I have a GTX970 on the way. Think it's worth keeping my GTX660 for PhysX? I wouldn't think so but I'm going to try it before I sell the old card anyway.

TomR
Apr 1, 2003
I both own and operate a pirate ship.

Agreed posted:

Worth it in what sense?

You already own it and the additional power draw should be extremely minimal. I use a 650Ti for PhysX (by which I mean Borderlands 2 and soon the pre-sequel, the Metro games, and also the Batman games) alongside my 780Ti. It handles everything pretty much effortlessly (a very heavy PhysX scene might get it up to 22% usage or so, and it takes a SHITLOAD of emitters before it starts slowing down in Fluidmark too).

I used to use a GTX 580 and it was insane overkill - the 650Ti is a performance analog to the 560Ti, more or less, in games - though Kepler's lower end cards seem to handle videogame PhysX better than Fermi lower end cards, and the power savings when the card is idle are boss compared to older generations. Not Maxwell boss, but, you know, pretty alright.

Worth it in the sense that virtually no games use PhysX? Well that's up to you I guess :v:

Well the newest game I have is the Asscreed one with pirates and I think it does PhysX. I have Borderlands 2 as well so I guess that's two games :v: Anyway I just want to see if it makes any performance difference at all, or say, better than 5% or something. I'll just sell it if it doesn't do my system any good. I think it's worth maybe $100 but that's probably going to drop now that the new cards are out.

TomR
Apr 1, 2003
I both own and operate a pirate ship.
I checked with pcpartpicker and went through the list. I think they only shipped 50 cards to all of Canada and they are all the EVGA ACX models.

TomR
Apr 1, 2003
I both own and operate a pirate ship.
Alright, my 970 has arrived. I have a GTX660 in my computer right now. Any benchmarks anyone wants to see done comparing the 660 to the 970, and then also using the 660 as a dedicated Physx card? I have Borderlands 2 and Assassin's Creed 4 that use Physx. If there are any free benchmarks I'll run them too.

TomR
Apr 1, 2003
I both own and operate a pirate ship.

NarDmw posted:

That'd be useful for me. I have the same cards and was wondering the benefits vs the heat and noise cost. I think a 2nd hand 660 can go for like $80

Well so far I've put the new card in just to make sure it works. My old GTX660 non-ti was a blower and my new card is the EVGA 970 superclocked ACX 1.0 model that everyone says to avoid. I can't hear it at idle. My computer was fairly quiet before and it's under my desk but now it's nearly silent. I think I can hear a case fan or maybe it's my PSU fan now. Before I heard the blower fan all the time. I'm going to try it under load and see how it is.

TomR
Apr 1, 2003
I both own and operate a pirate ship.

Agreed posted:

Here are two free ones to get some more numbers on the table for everyone interested:

PLA PhysX Benchmark

Fluidmark - good for testing stability, too, since it loads the card differently when you use an extremely high number of emitters and start raising the graphics stress settings as well. Juggling that workload can make an apparently stable overclock fail, in my experience.

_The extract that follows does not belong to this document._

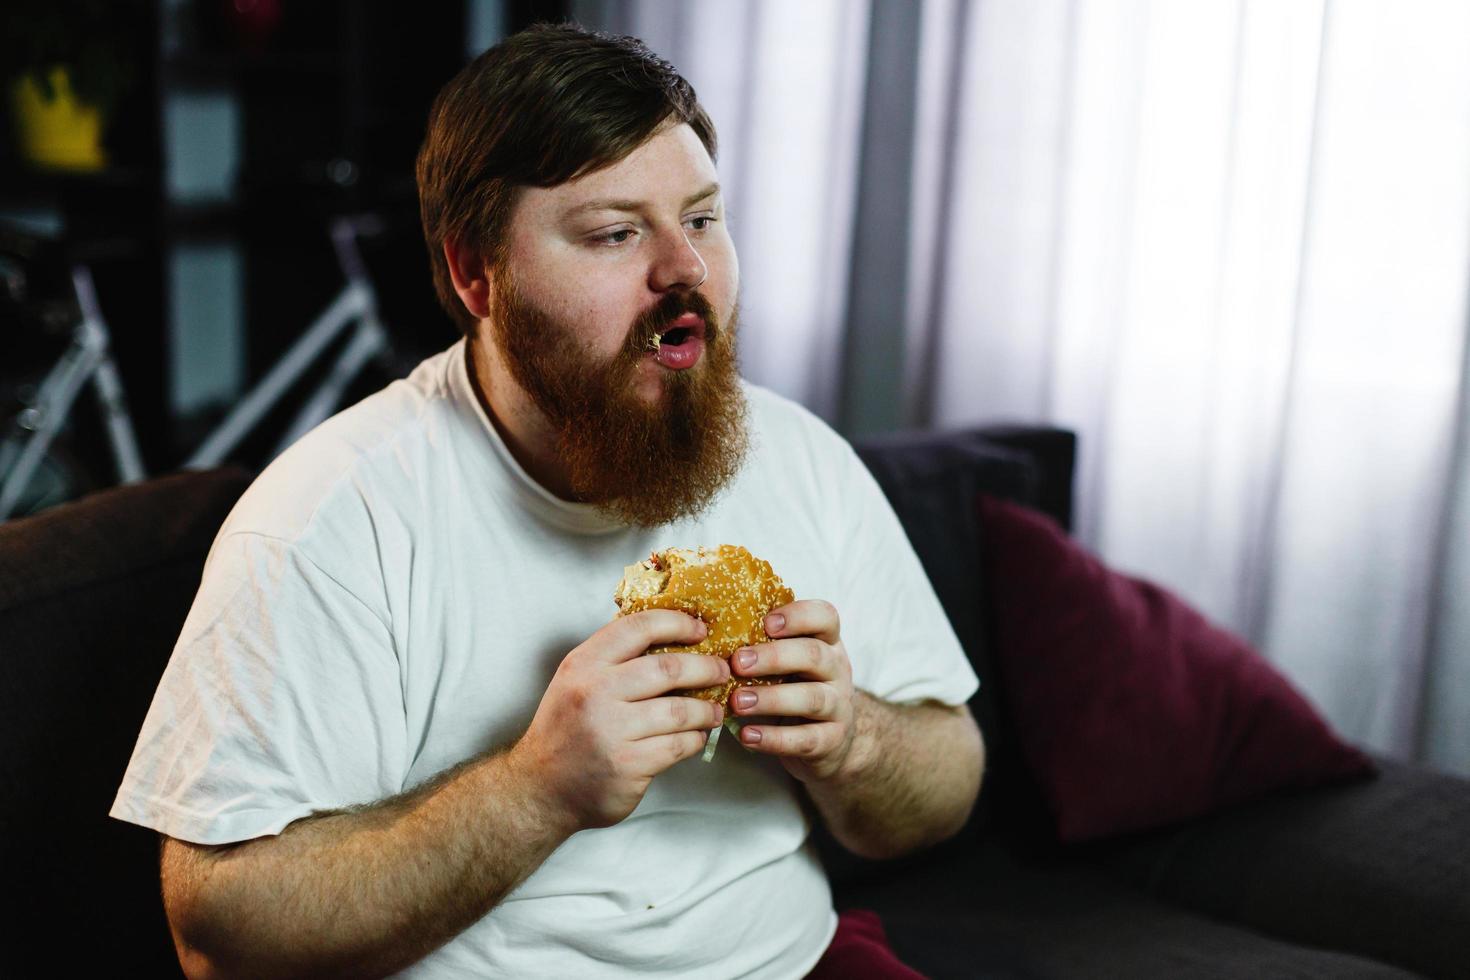 homem gordo sorridente comendo hambúrguer sentado em frente a um aparelho de TV foto

Thanks, I'll try and do some good testing later.

First impressions: At idle it's very quiet. I ran GeForce Experience and went with the graphics settings it wanted for Assassin's Creed 4 at 2560x1440. While I was playing the game it was very smooth and I noticed no slowdowns and the game looks fantastic. I couldn't hear the card over the in game sounds. After I quit the game the fans were still spun up and it was about as loud as my old card was at idle. If you have ordered an EVGA ACX card and can't return it don't sweat it, it's fine.

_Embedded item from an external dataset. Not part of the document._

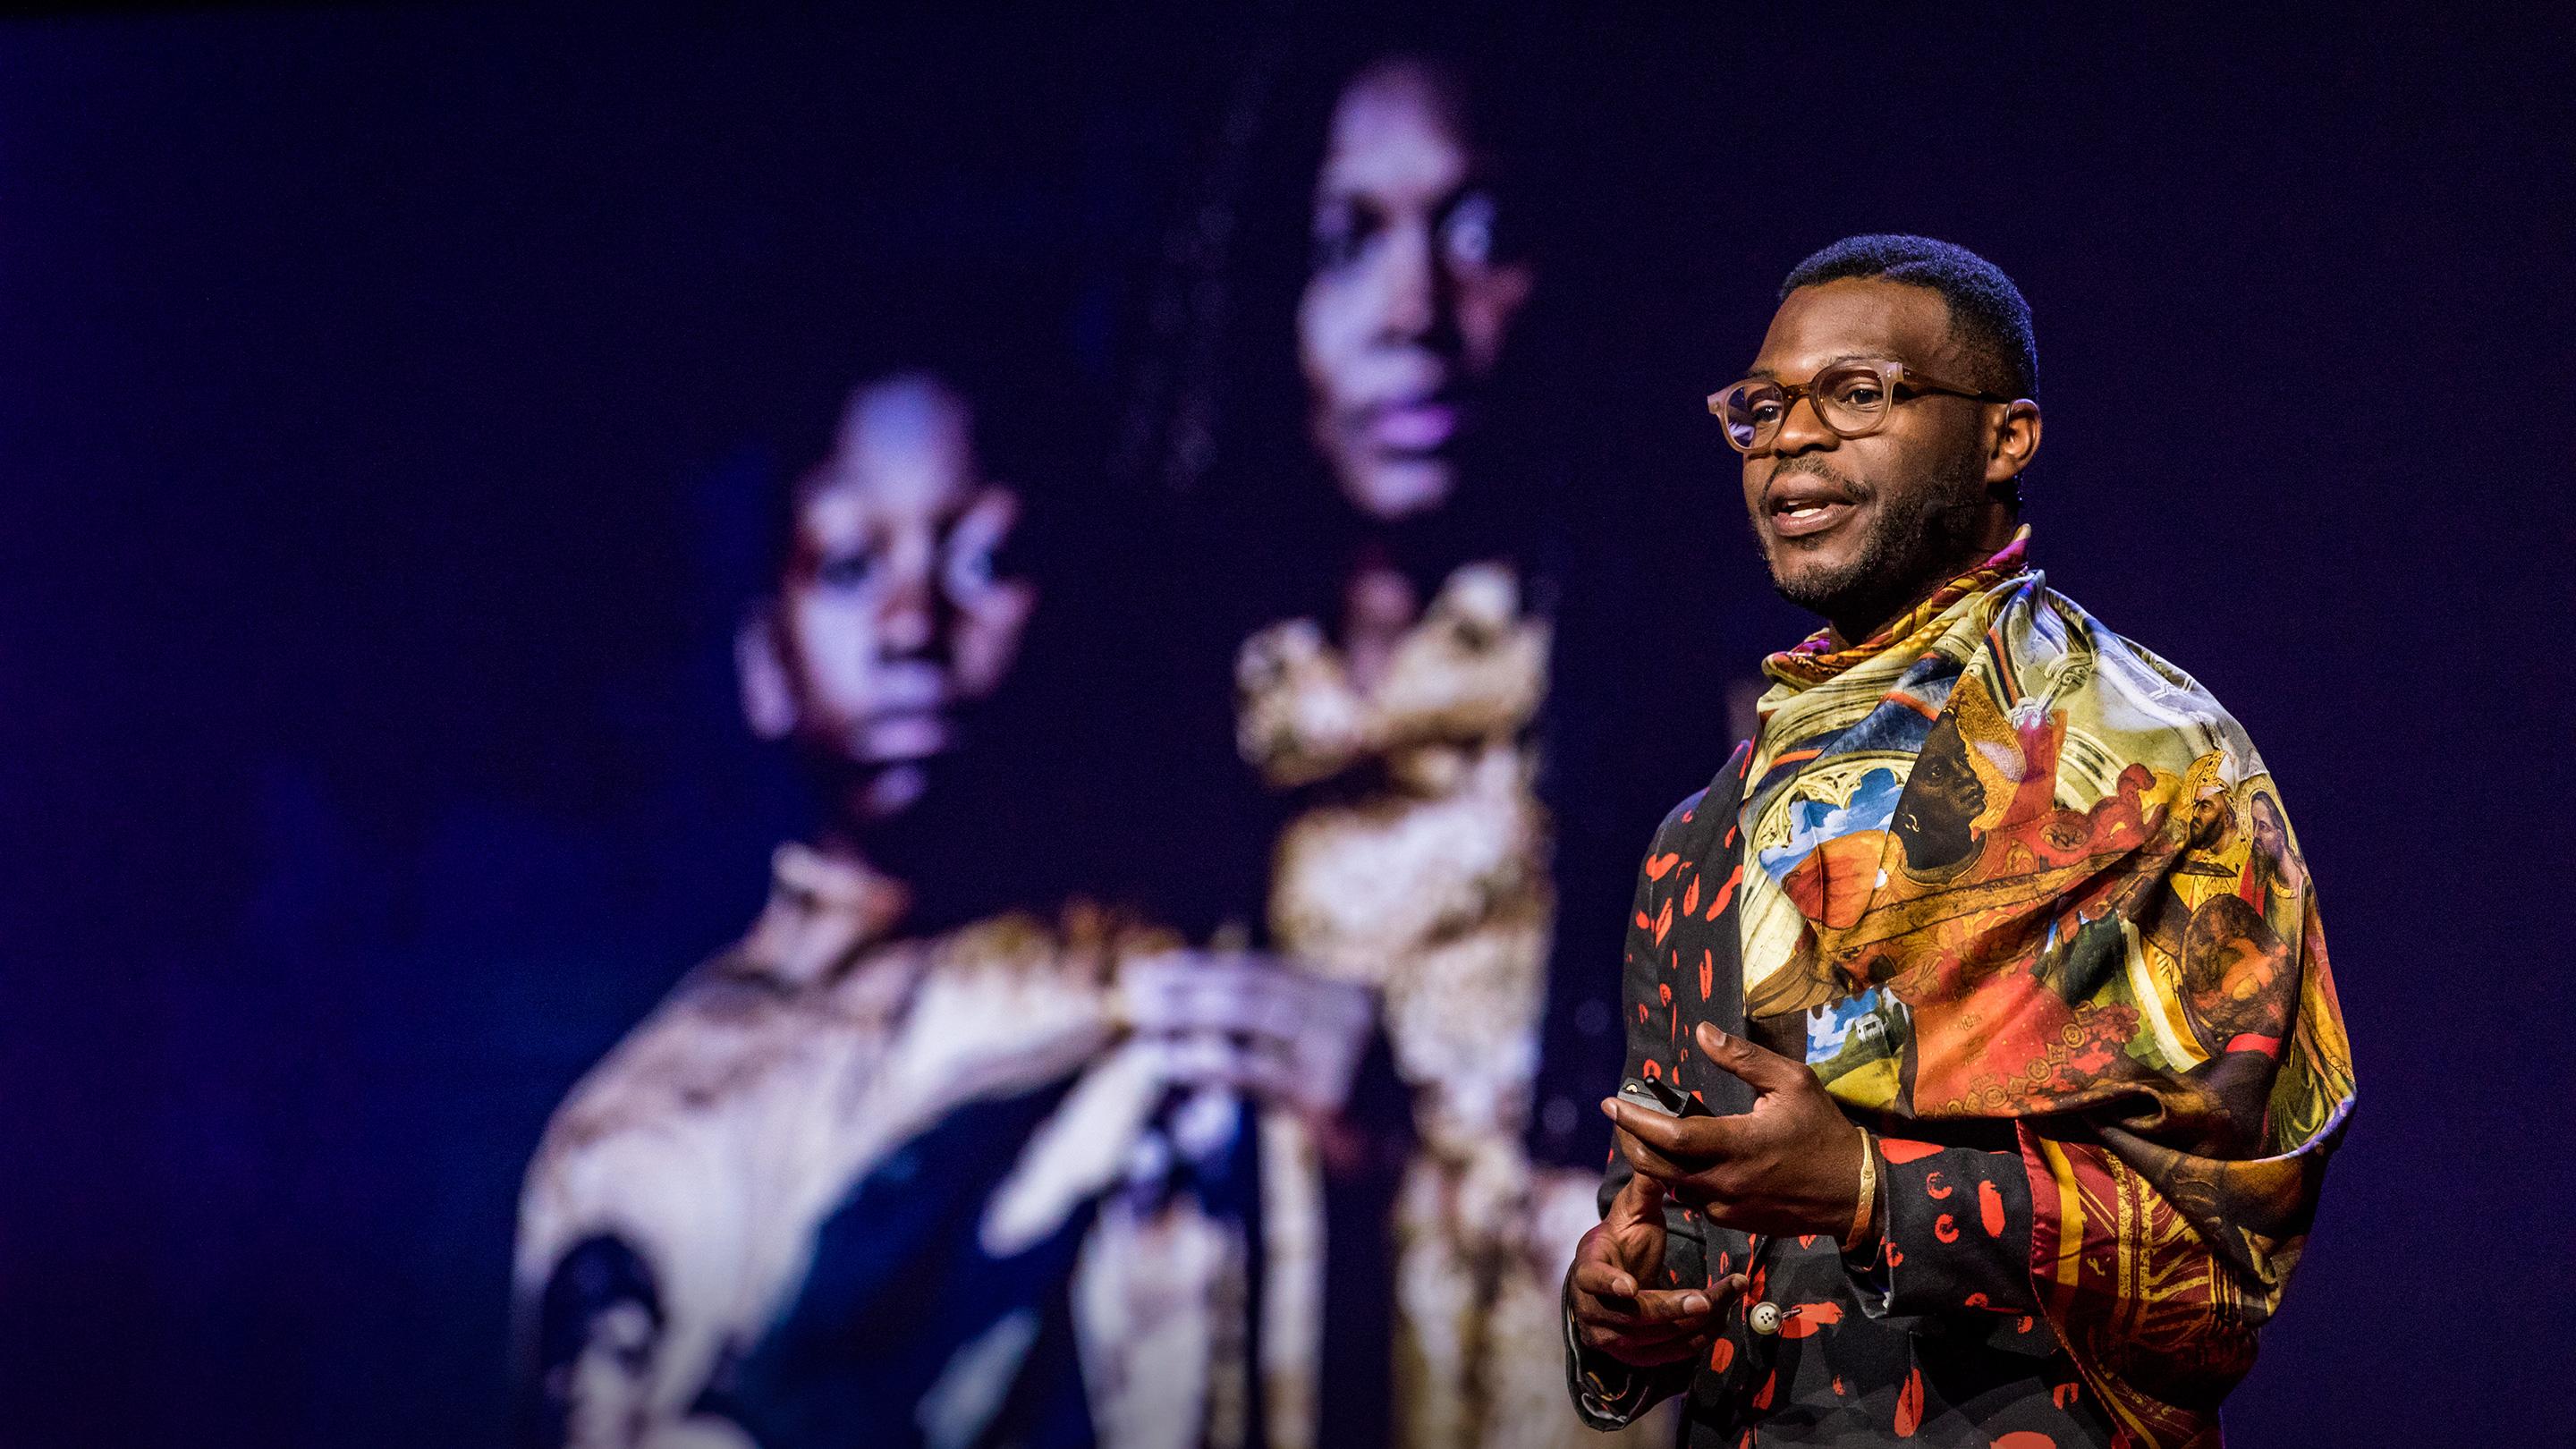 アフリカの力強さと魂を称えるファッション | ワレ・オイェジデ

I reserve the right to change my mind later after more testing of course. :)

TomR
Apr 1, 2003
I both own and operate a pirate ship.
I ran PLA with everything set to max at 2560x1440 and got this:
970 Only:


I ran FluidMark using the 1080 preset and got this:
970 Only:


Then I overclocked the core 100MHz and ran FluidMark again and got the exact same result. I noticed the benchmark was locked to 60FPS and it didn't stress the card very much. It was only pulling 50% TDP.

TomR
Apr 1, 2003
I both own and operate a pirate ship.
I forced VSync off in the drivers panel. That made a big difference.



It also made the fans spin up pretty good. They still aren't a problem though. I'll do proper testing now.

TomR
Apr 1, 2003
I both own and operate a pirate ship.
This is the highest stable core OC I can get. I haven't touched the memory yet.



After the break I'll put my 660 in and see what that does.

TomR
Apr 1, 2003
I both own and operate a pirate ship.
This is with my 660 pulling Physx duty. I had to lower the OC on my 970 a little bit to get it stable with 2 GPUs. Neither of them are running at 100% so I think I'm CPU or memory bound or something with two cards.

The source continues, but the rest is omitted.